Wednesday, August 30, 2006

phsyics and prelims

prelims just started. i am hardly halfway here nor there, which puts me in a truly unique position. if i do well, i'm smart. if i don't, i'll just say i didn't study. but the level of difficulty of the tests are really laughable. bloody easy. i think i can get a B for physics. i hope it'll shoot up to an A though. haha.

ok enough bragging and wishful thinking and elevating myself. compared to my class in secondary school, phew! blown away by their hard work and sheer genius man.

anyway my physics teacher had some personal problems, so she couldn't see our class through till after the prelims. hope she comes back though, she's a very good teacher and just, nice. so, you can't just throw my class into the deep end of the pool, although by this time, we should be comfortably threading water. to be blunt and frank, my class's stupid. anyway no matter how good the class is, the school will still employ a relief teacher. and what do we get? the best of the lot!

name: WT, L
teaches: nothing. or at least how to be as screwed up as him.
talks: nonsense. and everything that can be found on the answer sheet.

to think i even thought he did the bloody questions himself. he just bloody copies the answers on the board. damn, it's exactly like paying 200bucks for tuition. even though i've not been to tuition before, i think it's a bloody waste of time and especially waste of money (200 is the market rate right?). anyway that's how i view it. waste of time.

he's screwed up. laughs to himself. and just screwed up. useless.

i didn't do my tutorials (as usual) so he asked me and 2others to stand up. all i did while stnading up was to take the chance to study the tutorial i was supposed to be doing, albeit standing up. unlike the other screwed up classmate having fun answering the big screwed up's questions.

haha so anyway, the 2nd tutorial came and i still hadn't done my work. and even if i did, i wouldn't wnat to go for his lessons. bloody hell some teacher mistook our class for his, so my friend called my friend who was ponning with me, so we went up. nahbeh false alarm. we decided to wait to see if S Up would come but we saw him looking at us from far, so alamak cannot pon. anyway he came in and asked if i did the work. so he asked me in a real screwed up way, 'so can u stand at the back of the class?'

obviously i can! but i don't want to. nothing to gain by listening in also. so i asked if i could get out of the class. he asked me why? is it becoz i can't catch anything he's saying? ya ya ya ya to all that so pheeeeeeeeeeew i was out of the class.

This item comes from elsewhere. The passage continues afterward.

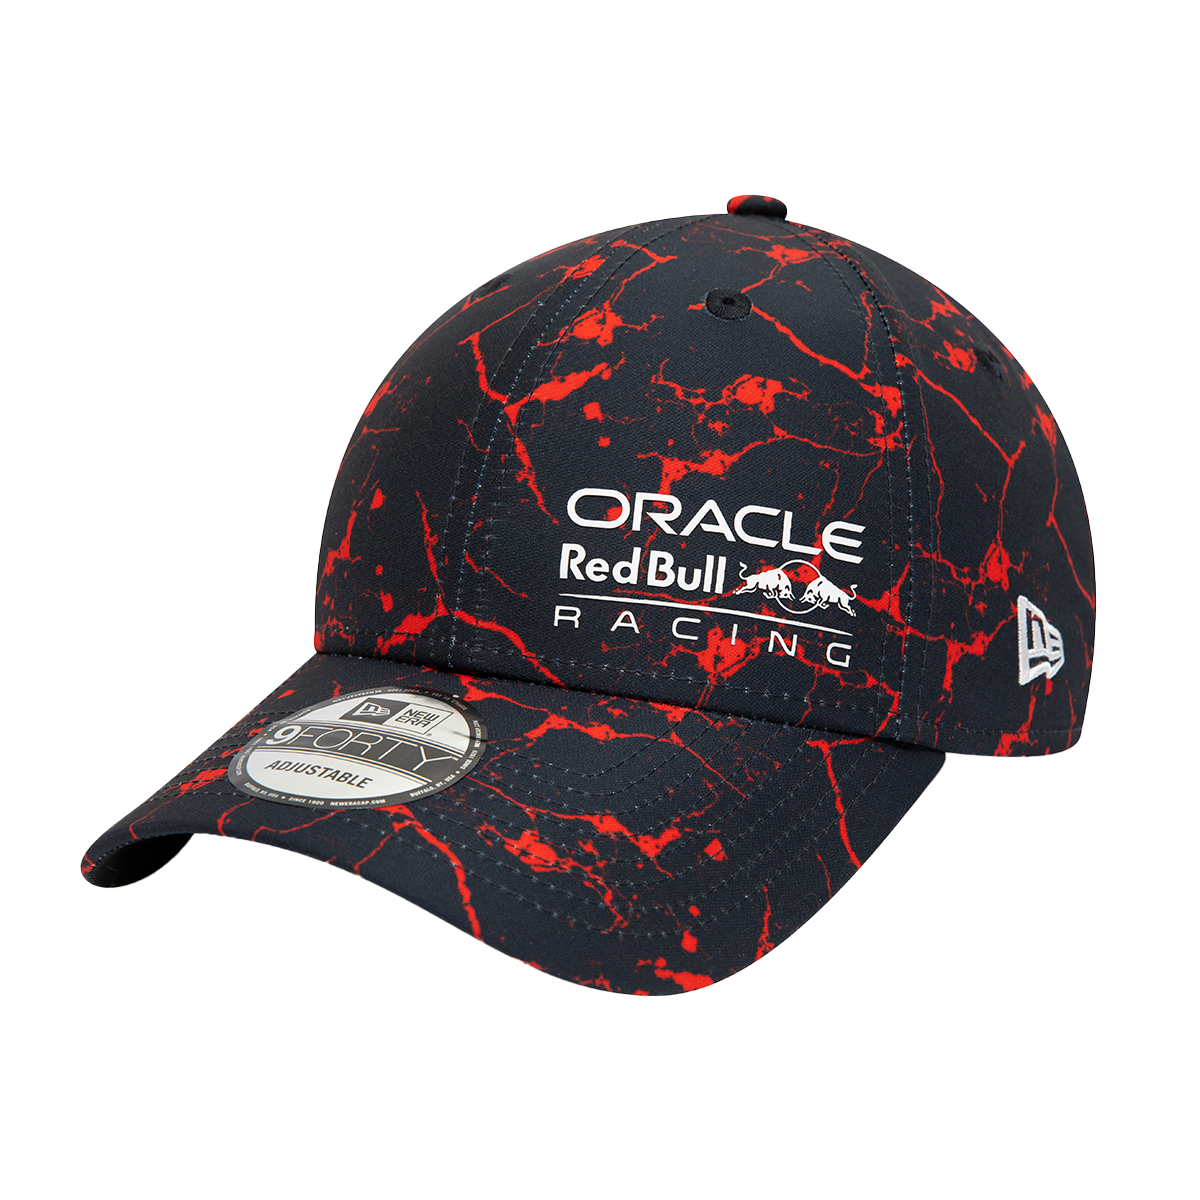 Red Bull Lifestyle 9FORTY Cap - Red Bull Racing
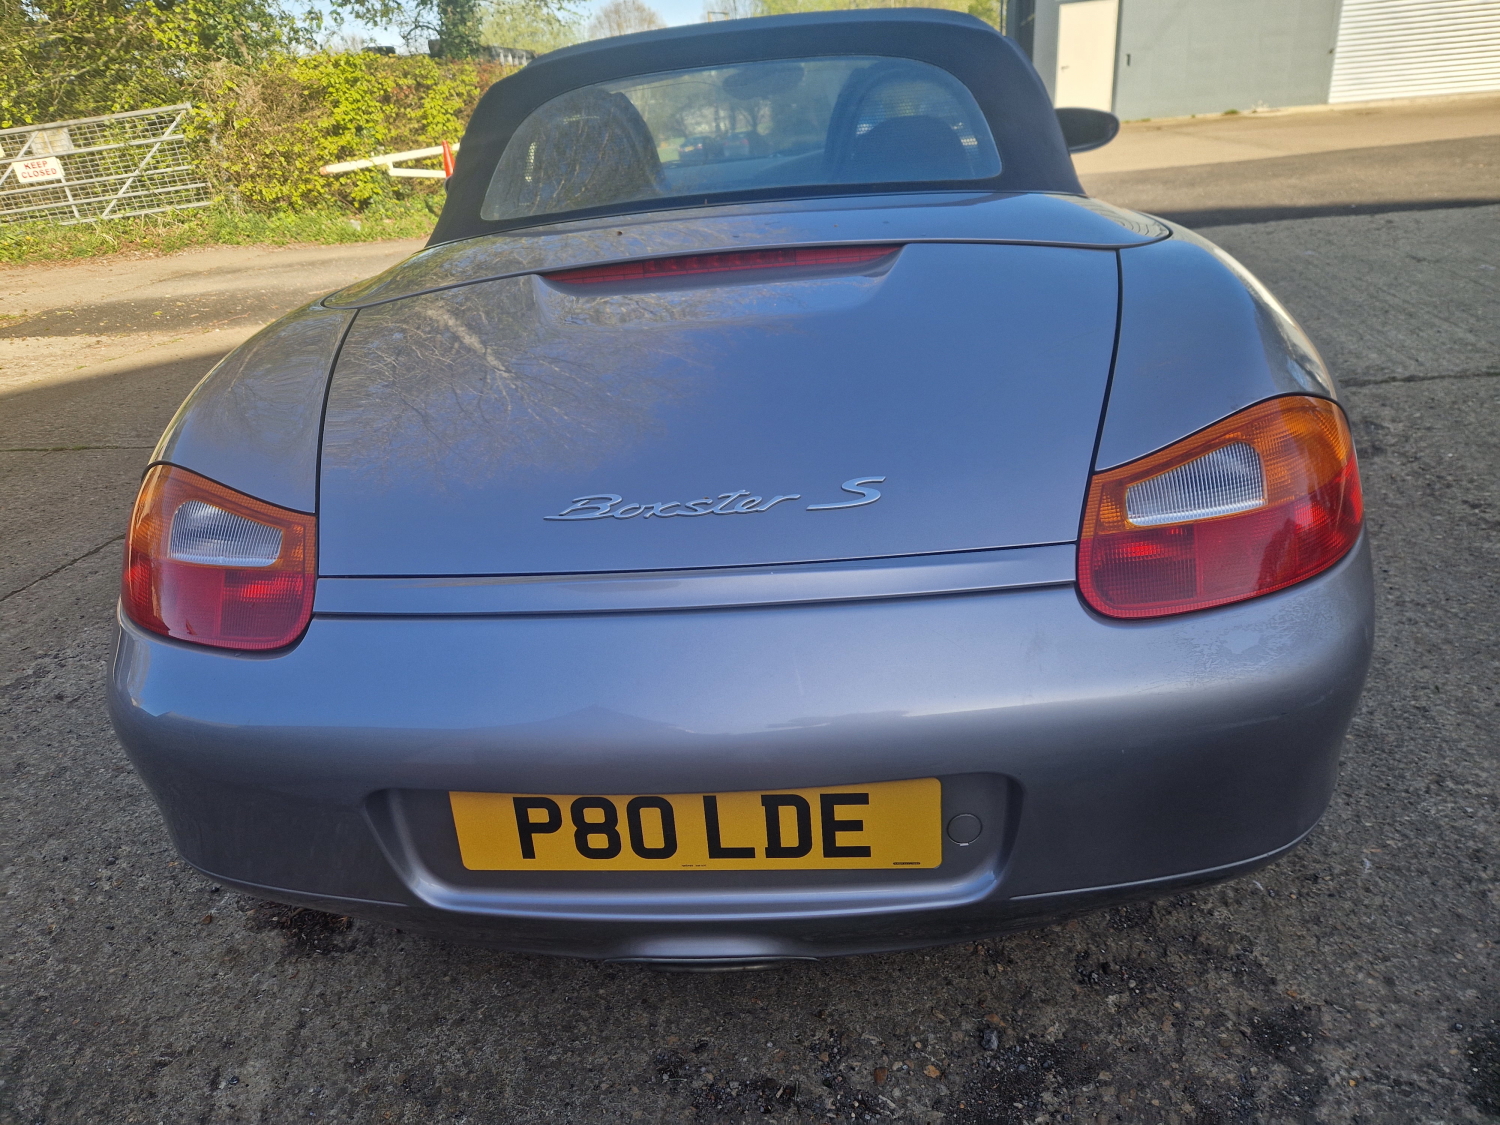 PORSCHE BOXTER CONVERTIBLE 2002. 129,000 MILES. NEW MOT. MUCH SERVICE HISTORY, OWNERS MANUAL. GOOD - Image 7 of 7

so anyway the last day of lessons was on friday and the only tutorial was physics. haha only 10people came to school that day and only 4took physics. damn screwed. i was really really really deciding on going to his class, just the 4of us and all of usasaying we didn't do or bring our work. haha. then we all walk out together. HAHAHAHA man i tell u! in the end no one turned up, i tihnk. HAHAHA. but i wish my plan was carried out though. haha bastard.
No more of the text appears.